Python Pipeline: Here’s How to Build Your Python Package and install it in StreamSets

09

Coding in Python gives developers ultimate control over every aspect of their design, but with a plethora of choices comes the dangers of becoming distracted. Low code, graphical environments provide for easy operation and reuse of components but with shallow levels of control than hand coding. Custom processors allow data engineers to operationalize their code and provide powerful extensibility for coders.

This Python pipeline walkthrough is created for the purpose of demonstrating how a user can run their own Python code into StreamSets Data Collector.

This demo is for installing a Data Collector using Docker. Your complex Python code will be packaged and deployed into PyPI. Simply add the Python package and build your own Docker image on top of StreamSets Docker image. Once the Data Collector is installed using your own custom image, you’ll simply import the Python packages in the jython evaluator.

Let’s get started!

Prerequisites:

  1. Have an account in PyPI.
  2. Install twine to connect to PyPI.
  3. Install docker.
  4. Have a github account to upload your code.
  5. Have an account in Streamsets DataOps platform.

High level steps:

  1. Create a package for your python package.
  2. Build the project.
  3. Upload to PyPI.
  4. Create a Dockerfile and install the python package.
  5. Run the script generated from StreamSets deployment with your custom image.
  6. Create a pipeline with Jython evaluator.
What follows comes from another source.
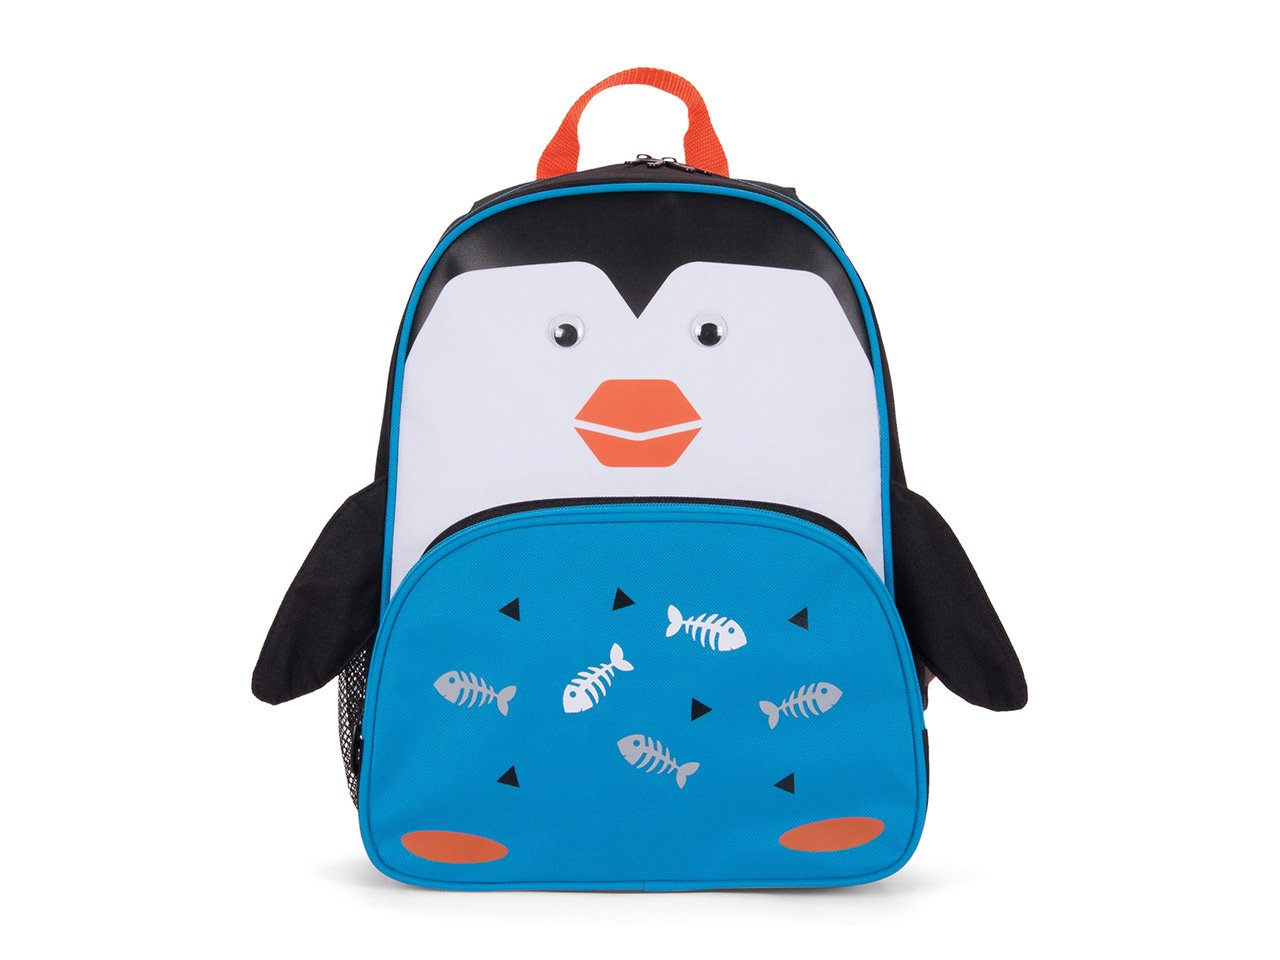 Tracker Penguin Backpack

Below are the steps to create your own python package and upload to PyPI.

PyPI is the official Python repository where all Python Packages are stored. You can think of it as the Github for Python Packages.
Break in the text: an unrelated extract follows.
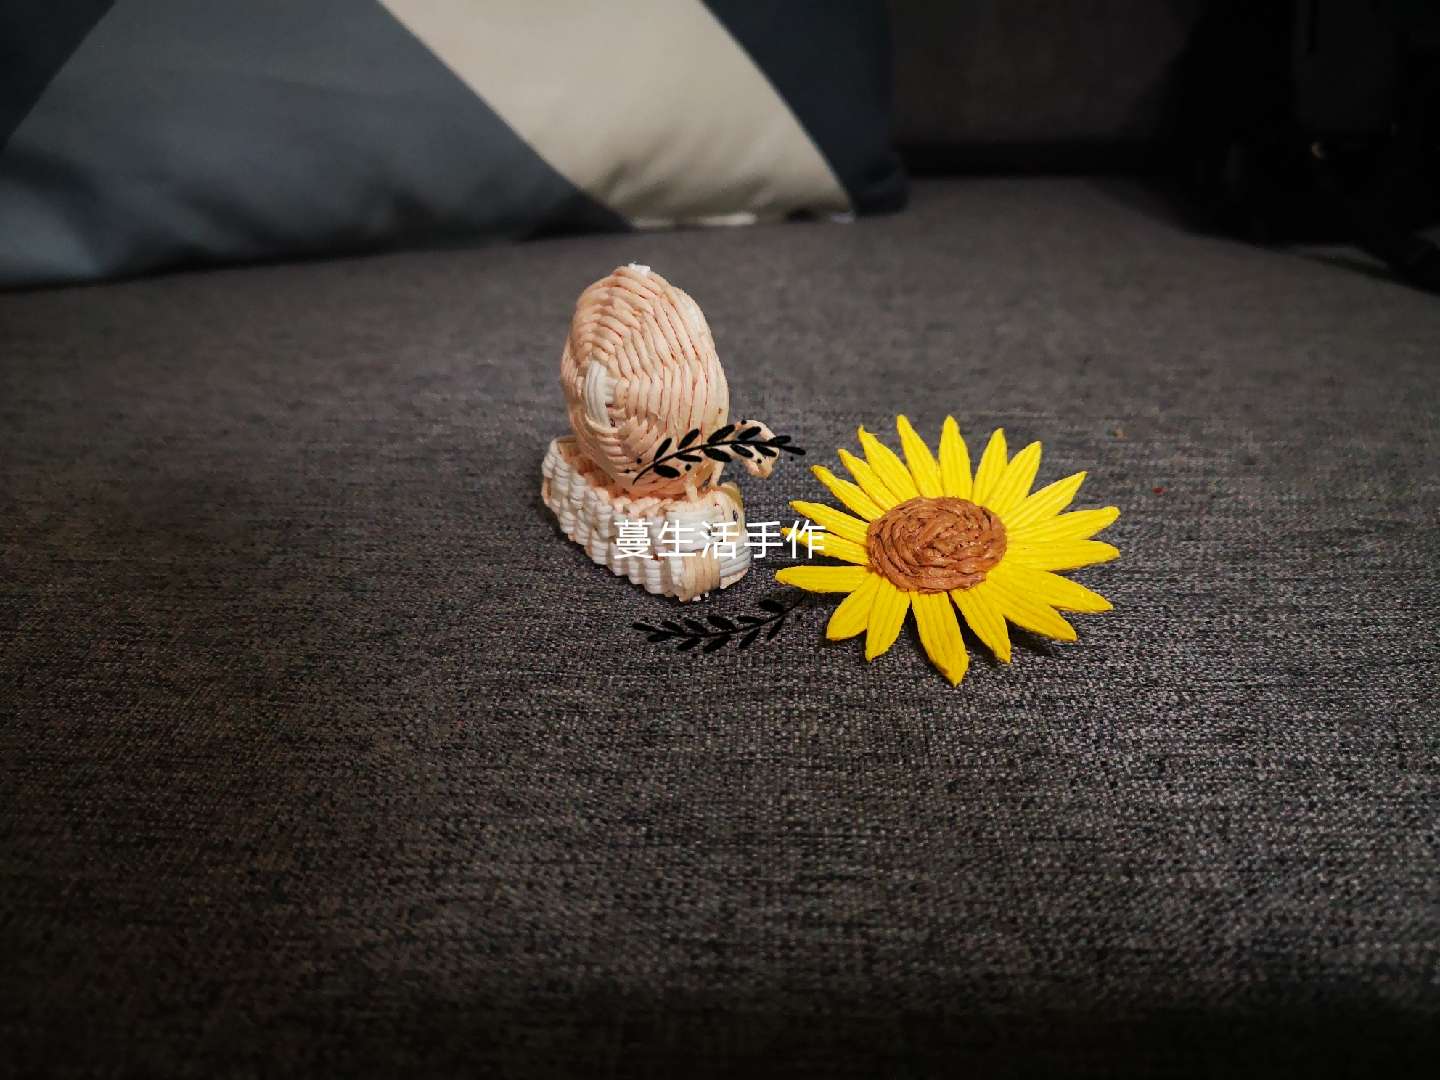 之前做过一个简版的藤编小蜗牛，今天改良了一下，当成小摆件，跟小雏菊一起看起来很有夏天的气息。

To make your Python Package available to people around the world, you’ll need to have an account with PyPI.

I am using twine to upload the files to PyPI. you can install twine using the below command:

pip install twine

Benefits and Limitations of a Python Pipeline in StreamSets

Benefits:

  1. Customers can use their existing python packages into StreamSets.
  2. Users do not have to rewrite the complex logic into StreamSets.

Limitations:

  1. Customers have to rebuild the custom images during upgrades.

Python Calculator Project

Folder Structure

Folder Structure

Content of Addition.py

print("Performing Addition:") 
def add(x,y): 
return x+y

You can grab the complete code here on GitHub.
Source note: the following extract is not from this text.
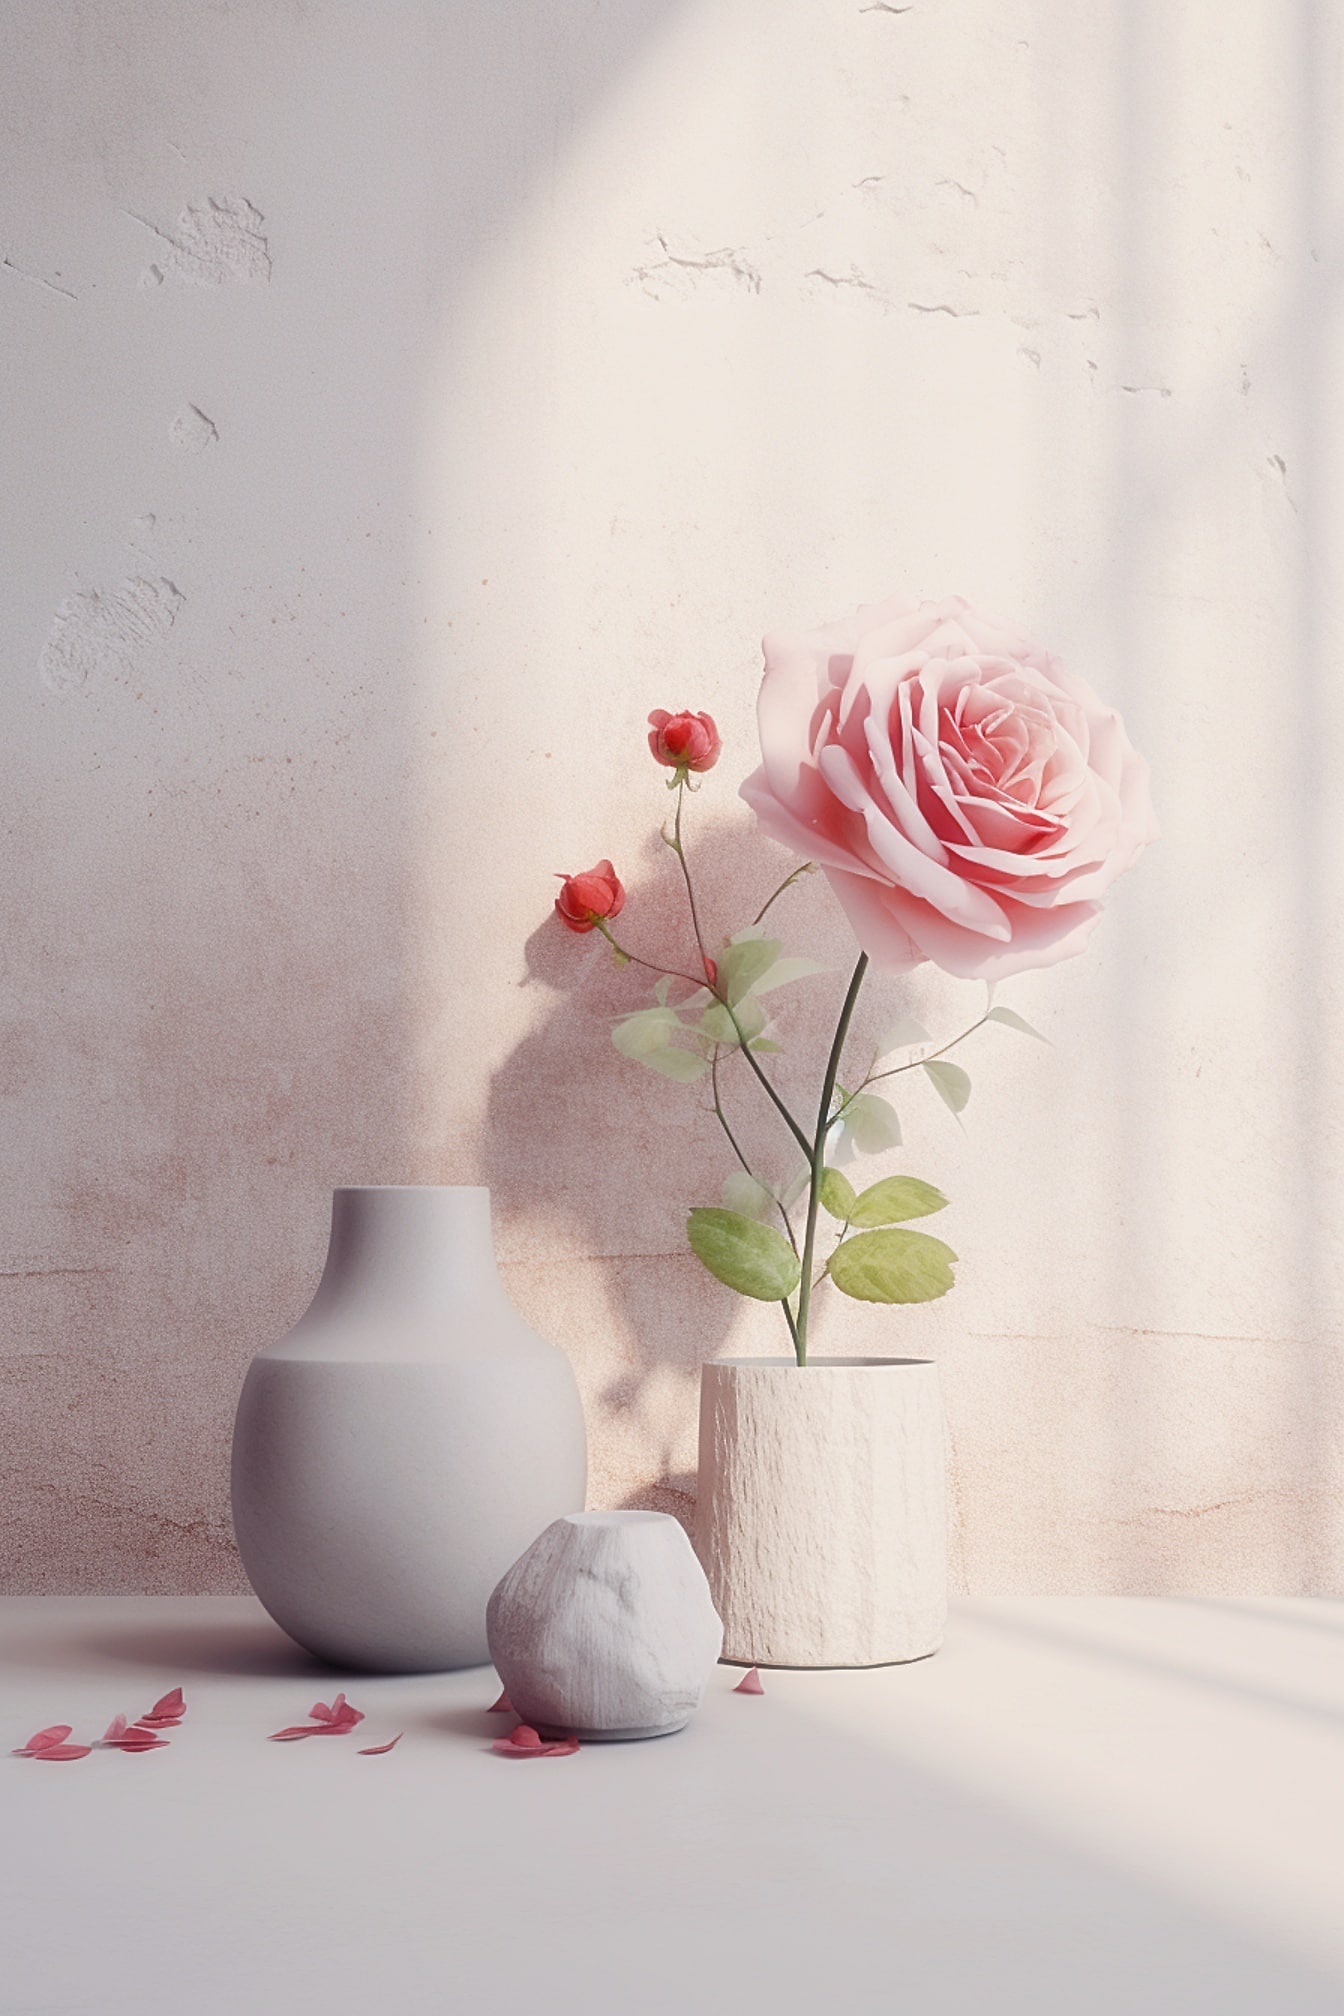 또 다른 빈 꽃병과 함께 흰 돌 꽃병에 분홍색 장미

Create a init.py inside the WilsonCalculator and add below content

__author__ = 'wilson shamim'
__version__ = '1.1.0'
from WilsonCalculator.Addition import add
from WilsonCalculator.Subtraction import sub
from WilsonCalculator.Division import div
from WilsonCalculator.Multiplication import Mul
Create a setup.py under WilsonProject. 

Setup.py can be found here.

Navigate to WilsonProject and run the below command to build the project

python setup.py sdist

This will create below folders

wilsonshamim@Wilsons-MBP PythonTutorials % cd WilsonProject 
wilsonshamim@Wilsons-MBP WilsonProject % python setup.py sdist 
running sdist
running egg_info
creating WilsonCalculators.egg-info
writing WilsonCalculators.egg-info/PKG-INFO
writing top-level names to WilsonCalculators.egg-info/top_level.txt
writing dependency_links to WilsonCalculators.egg-info/dependency_links.txt
writing manifest file 'WilsonCalculators.egg-info/SOURCES.txt'
reading manifest file 'WilsonCalculators.egg-info/SOURCES.txt'
writing manifest file 'WilsonCalculators.egg-info/SOURCES.txt'
warning: sdist: standard file not found: should have one of README, README.rst, README.txt, README.md
running check
warning: check: missing required meta-data: url
creating WilsonCalculators-1.1.0
creating WilsonCalculators-1.1.0/WilsonCalculator
creating WilsonCalculators-1.1.0/WilsonCalculators.egg-info
copying files to WilsonCalculators-1.1.0...
copying setup.py -> WilsonCalculators-1.1.0
copying WilsonCalculator/Addition.py -> WilsonCalculators-1.1.0/WilsonCalculator
copying WilsonCalculator/Division.py -> WilsonCalculators-1.1.0/WilsonCalculator
copying WilsonCalculator/Multiplication.py -> WilsonCalculators-1.1.0/WilsonCalculator
copying WilsonCalculator/Subtraction.py -> WilsonCalculators-1.1.0/WilsonCalculator
copying WilsonCalculator/__init__.py -> WilsonCalculators-1.1.0/WilsonCalculator
copying WilsonCalculators.egg-info/PKG-INFO -> WilsonCalculators-1.1.0/WilsonCalculators.egg-info
copying WilsonCalculators.egg-info/SOURCES.txt -> WilsonCalculators-1.1.0/WilsonCalculators.egg-info
copying WilsonCalculators.egg-info/dependency_links.txt -> WilsonCalculators-1.1.0/WilsonCalculators.egg-info
copying WilsonCalculators.egg-info/top_level.txt -> WilsonCalculators-1.1.0/WilsonCalculators.egg-info
Writing WilsonCalculators-1.1.0/setup.cfg
creating dist
Creating tar archive
removing 'WilsonCalculators-1.1.0' (and everything under it)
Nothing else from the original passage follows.